▸ Exercise objective
For each line in the data that includes "protein", make a copy.

*** Block opens ***

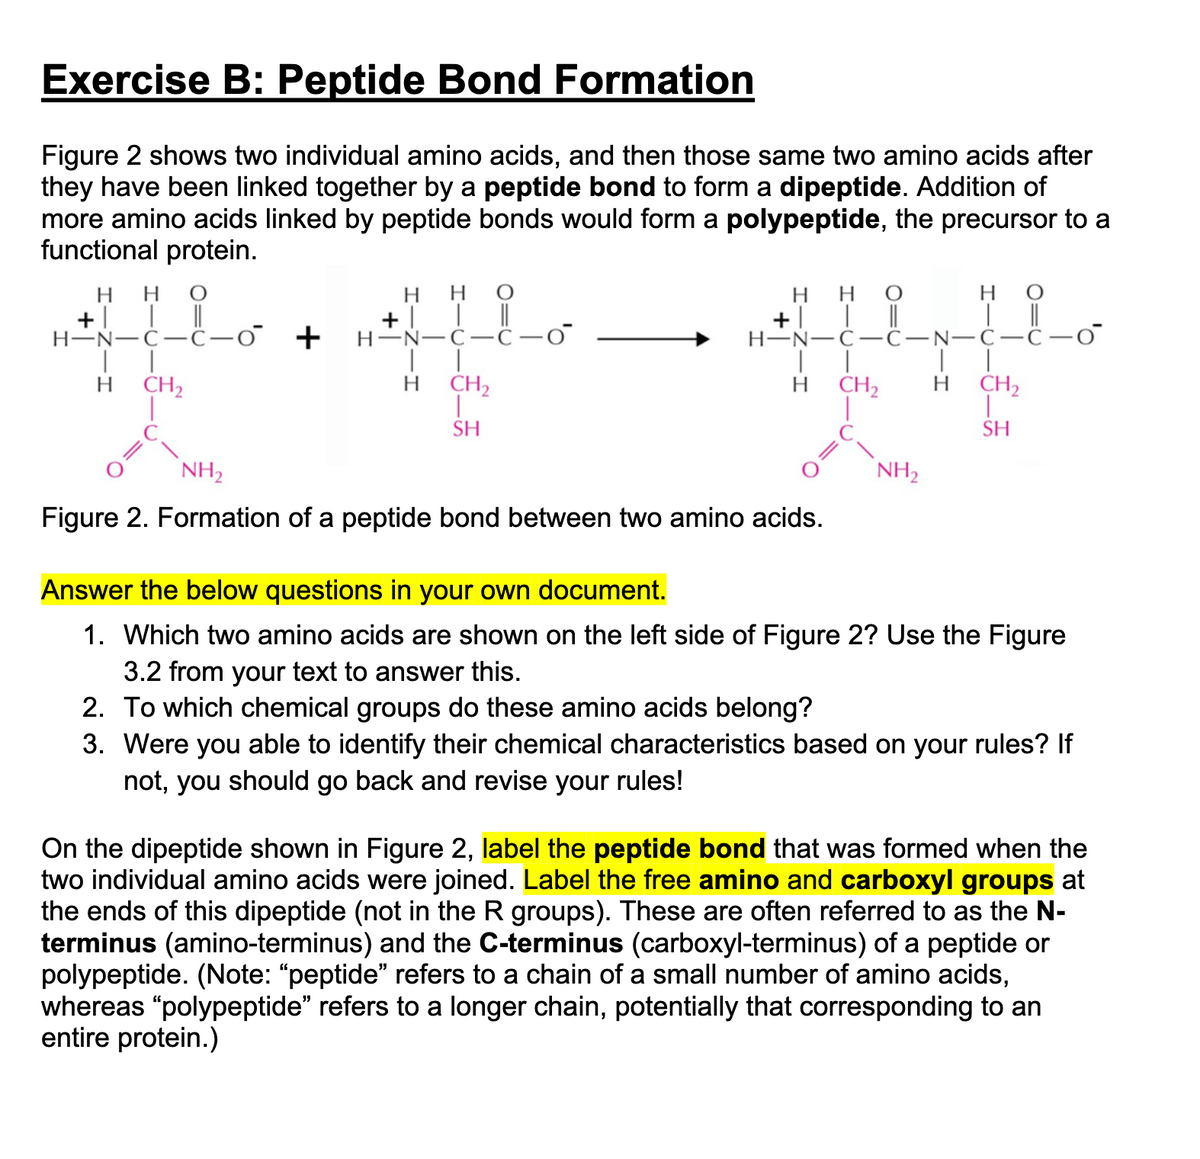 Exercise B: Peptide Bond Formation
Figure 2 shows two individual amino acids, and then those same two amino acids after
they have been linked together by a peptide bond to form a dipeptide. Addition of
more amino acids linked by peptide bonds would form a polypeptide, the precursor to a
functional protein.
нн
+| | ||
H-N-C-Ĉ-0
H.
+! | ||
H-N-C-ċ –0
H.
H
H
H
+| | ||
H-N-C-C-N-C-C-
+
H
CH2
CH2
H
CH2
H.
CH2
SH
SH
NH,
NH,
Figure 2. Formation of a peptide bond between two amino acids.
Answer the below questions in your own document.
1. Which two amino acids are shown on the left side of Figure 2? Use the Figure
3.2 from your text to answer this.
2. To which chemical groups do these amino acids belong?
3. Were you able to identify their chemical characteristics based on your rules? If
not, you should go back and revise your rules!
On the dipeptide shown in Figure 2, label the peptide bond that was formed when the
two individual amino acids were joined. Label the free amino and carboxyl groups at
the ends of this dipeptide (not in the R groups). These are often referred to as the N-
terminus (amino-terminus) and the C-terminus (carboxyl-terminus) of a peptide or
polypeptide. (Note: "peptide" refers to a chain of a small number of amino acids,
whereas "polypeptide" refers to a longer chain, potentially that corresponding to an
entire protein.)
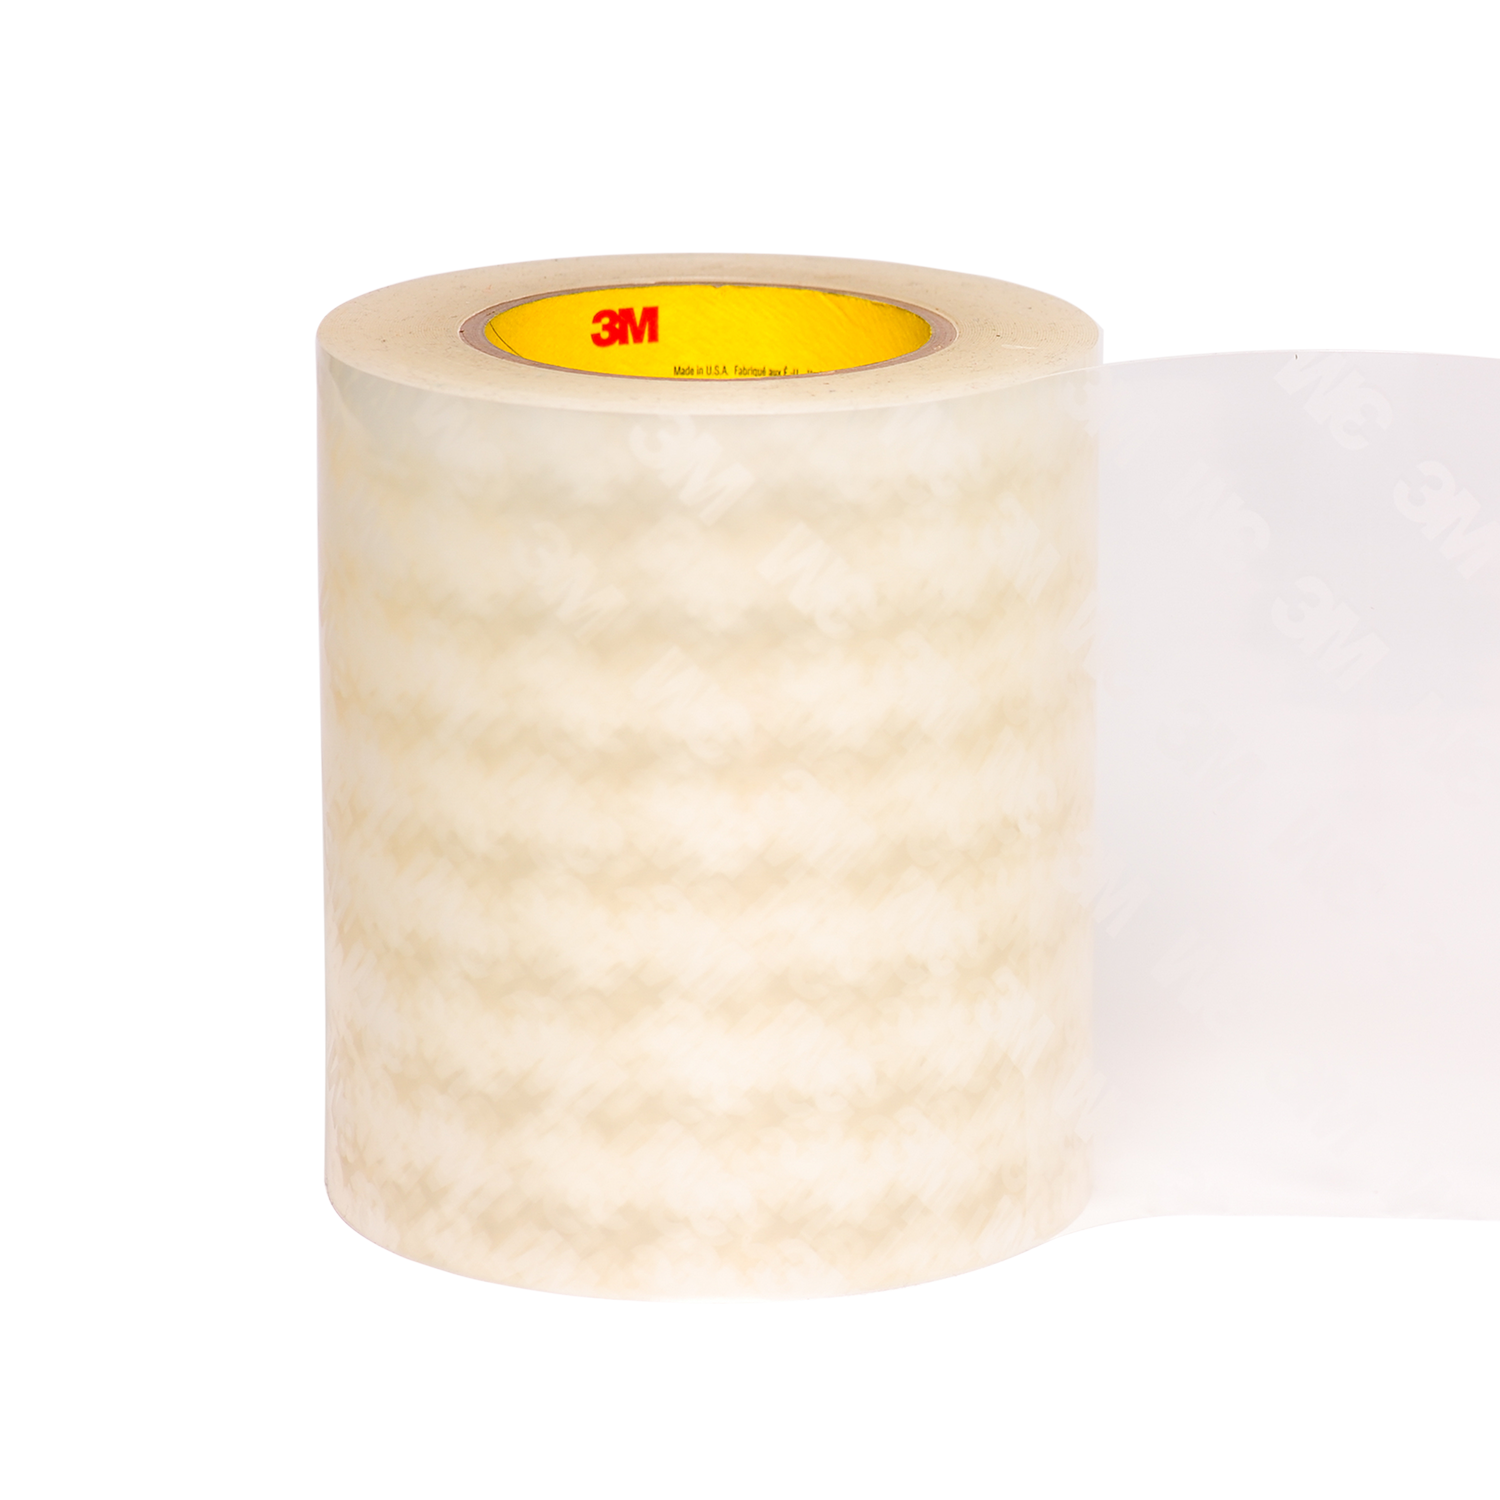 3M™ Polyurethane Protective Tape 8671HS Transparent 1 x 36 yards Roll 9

*** Block closes ***

▸ Solution to the problem
functional protein.
entire protein.)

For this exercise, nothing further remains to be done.